From the Magazine
Summer 2017 Issue

Inside “La Dolce Vita” of Countess Cristiana Brandolini D’Adda

A visit to the grande dame’s 500-acre Italian estate and vineyard shows the 90-year-old’s greatest achievement: a thriving, tight-knit family that cares more about the present—and a fine wine—than its illustrious past.

In the early Middle Ages, when Venice was a mere collection of primitive lagoon communities banded together for protection against the Huns and other invaders, men of the Brandolini d’Adda clan were among the fierce condottieri—leaders of mercenary soldiers—who defended its territory. Images of scorpions were emblazoned upon their crest and battle standard, adopted from the banner of an Ottoman squadron whom they had vanquished. For their services to the Venetian Republic, the family accrued wealth, and noble rank was bestowed upon them. The Conti Brandolini d’Adda eventually settled down to enjoy the cultivation of the finer things: art, music, literature, as well as grapes. Although the family now maintains numerous homes on three continents, its center of gravity remains Vistorta, a 500-acre estate 45 miles north of Venice. With its vineyards and working farm, it blends agriculture with the high style of its splendid villa, which is equipped with nine bedrooms and a 15-bed nursery for the bambini.
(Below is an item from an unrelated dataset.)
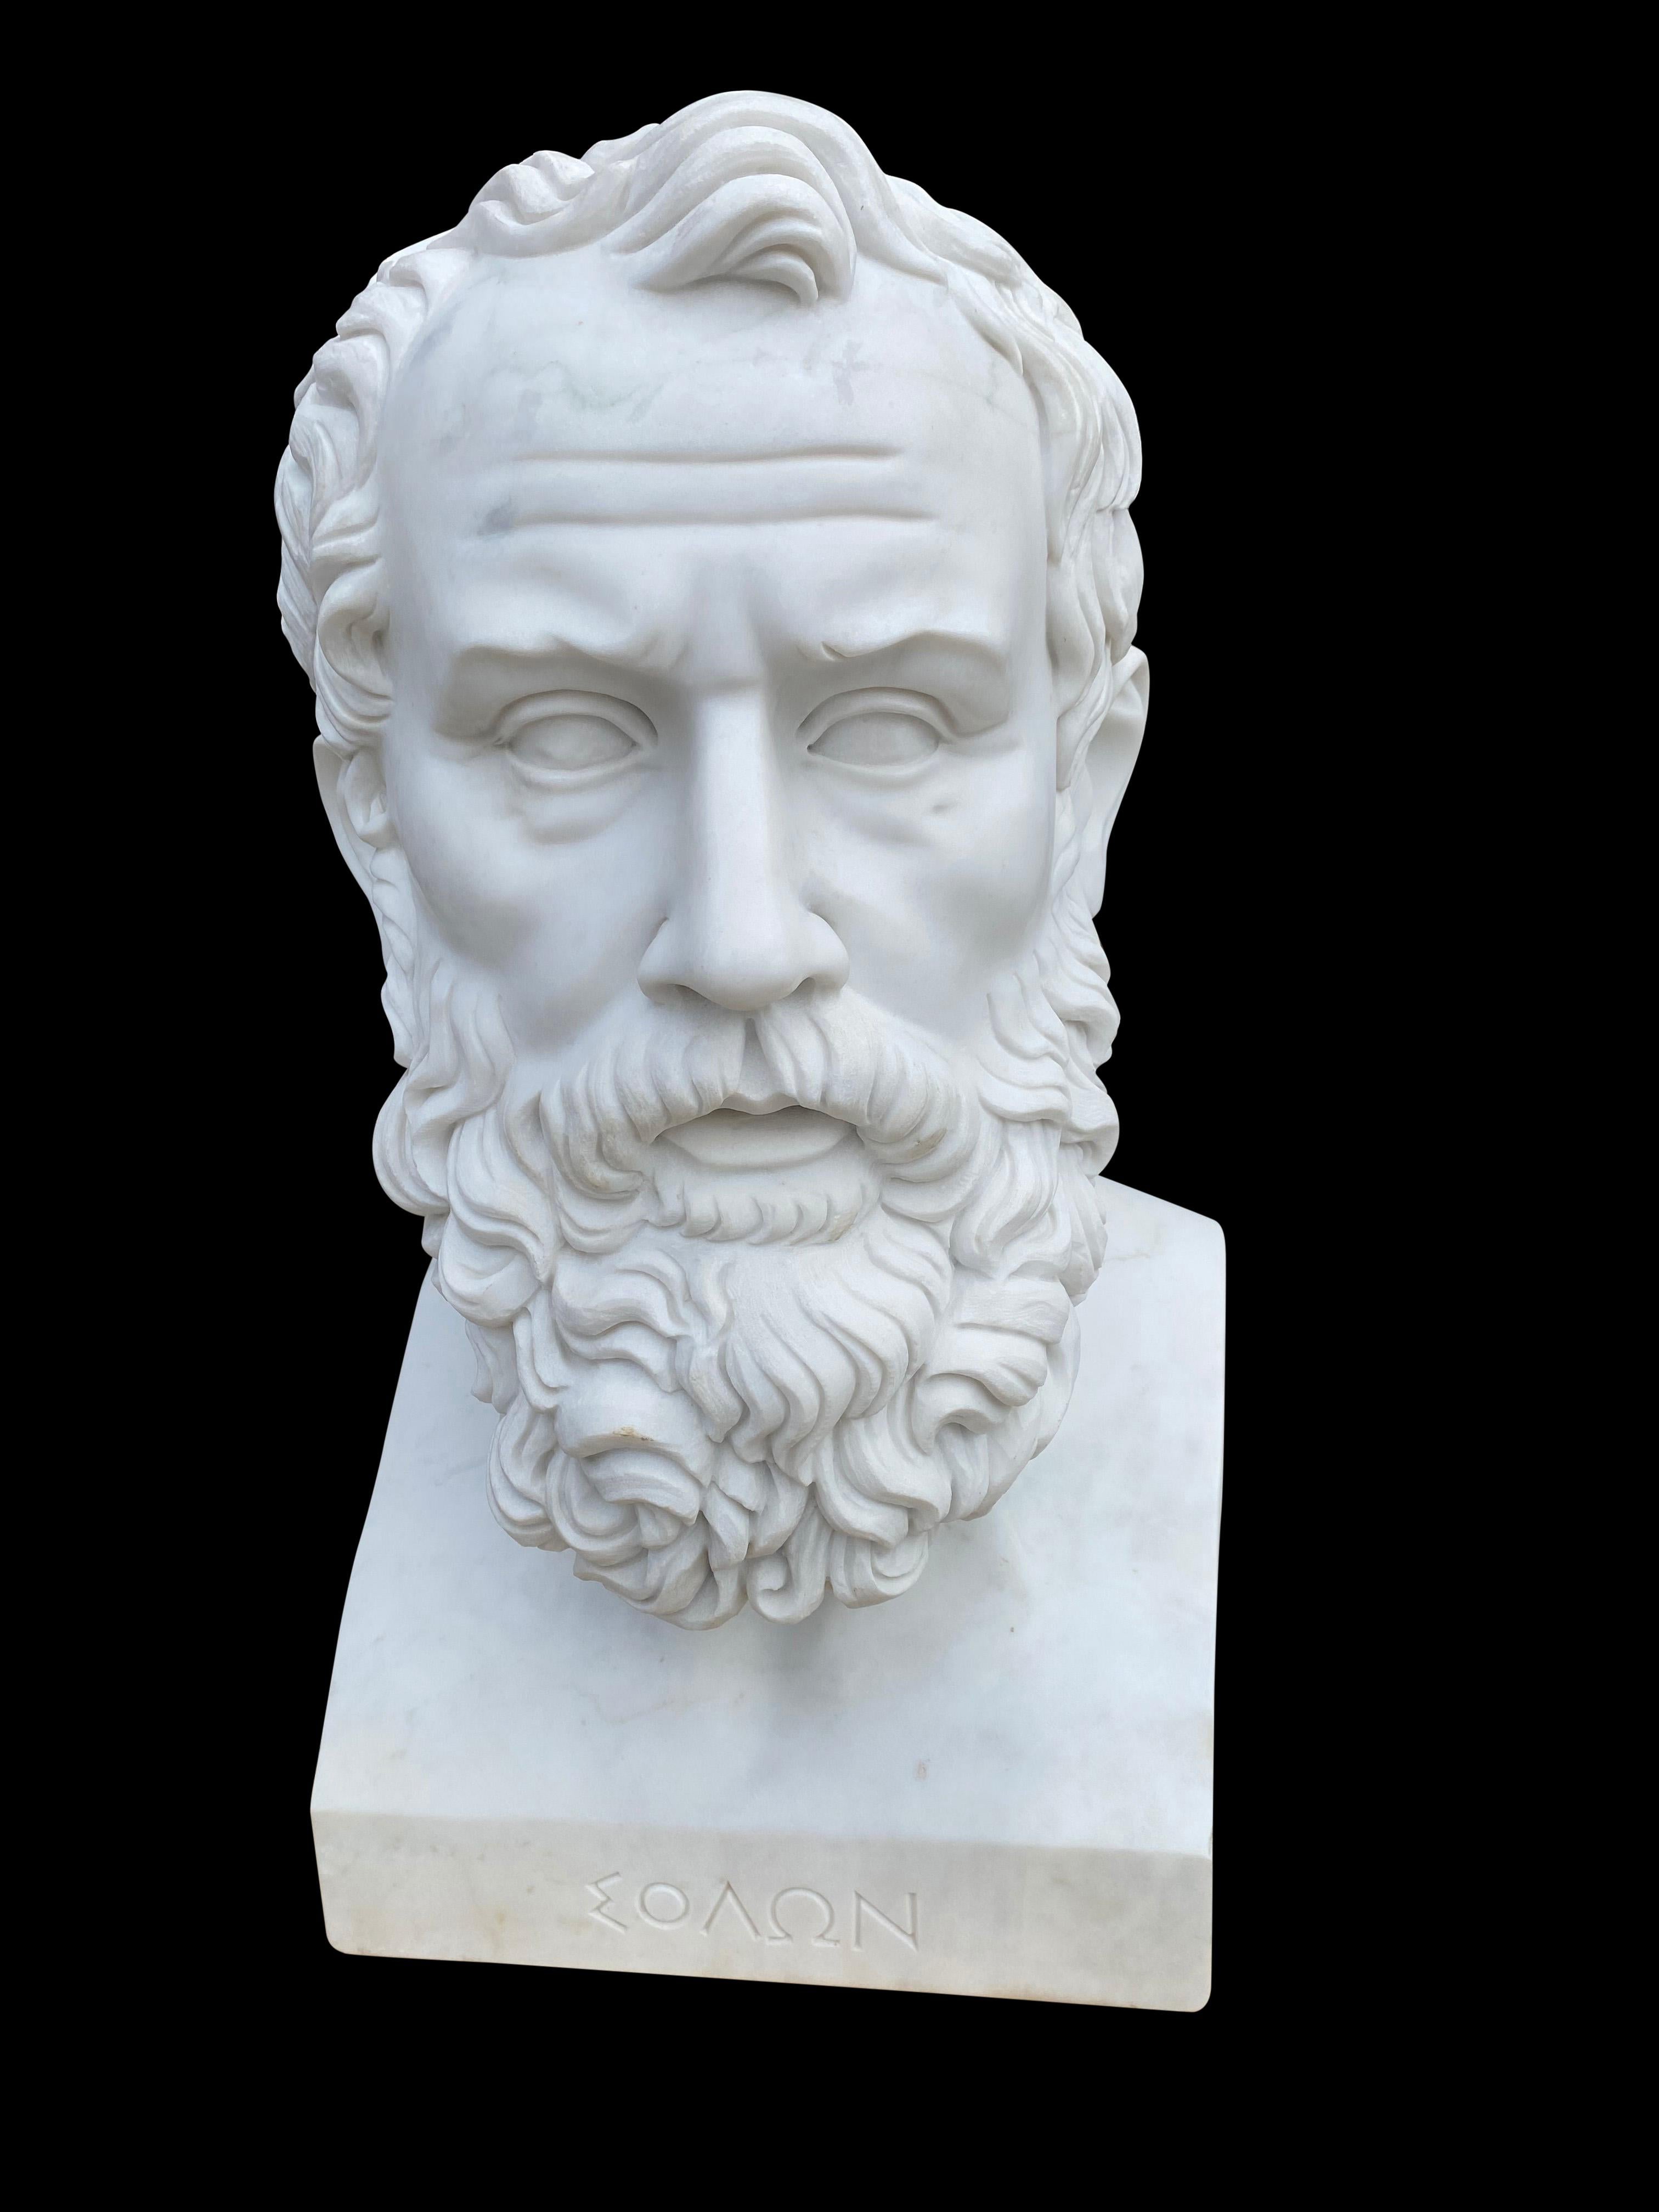 Solon sculpture Ancient Greek statesman lawmaker and poet great statue

The matriarch of the family, Countess Cristiana Brandolini d’Adda, née Agnelli, rules the roost, as she has since she arrived here in 1947 as the bride of Count Brandolino “Brando” Brandolini d’Adda, who died in 2005, at age 85. Until about 1970, Vistorta served as the primary residence of Cristiana, Brando, and their four sons: Tiberto (Ruy), Leonello, Nuno, and Brandino, who were born in, respectively, 1948, 1950, 1954, and 1957. While Cristiana today spends most of her time at her homes in Venice, Paris, and Geneva, Vistorta blooms again when she occasionally opens it up (in summer, primarily) and hosts her sons, eight grandchildren, three great-grandchildren, and various Agnelli relations.

Fine-boned and diminutive at five feet three, Cristiana is still a commanding figure at age 90. On a late-summer afternoon, as she regally descended a grand colonnaded double staircase, wearing a JAR bracelet and a colorful vintage silk caftan custom-designed for her by her friend the late Oscar de la Renta, two of her very attractive grandchildren burst in through the open French doors, clad in towels and still glistening from a swim in the pool. Nuno’s daughter, Filippa, 21, a junior at Brown, has just flown in that morning from New York, where she was raised; Brandino’s son Marcantonio, 25, has arrived from the family palazzo on the Grand Canal, in Venice. Both quickly straightened up and proffered proper respect and baci to their nonna.

Later that evening, Ruy’s daughter, Cornelia (Coco), 38, appears, from Milan—where she directs the couture line of Dolce & Gabbana—with her daughters, Nina, 6, and Lea, 3, along with their nanny. Finally, Brandino pulls in the driveway, from Venice. “I never know who is coming and who is going!” says the contessa in mock disapproval.

Cristiana surrounded by her husband, Count Brando Brandolini d’Adda (far right), and their sons, Brandino, Leonello, Ruy, and Nuno (standing), photographed by Horst at Vistorta in 1972.

Photograph by Horst.

Born in Turin, Cristiana is the fifth of the seven children, and the youngest of the four daughters, of Edoardo Agnelli, whose father, Giovanni, founded Fiat in 1899. (Her brother Gianni, the second-born sibling and eldest son, became chairman of the company in 1966.)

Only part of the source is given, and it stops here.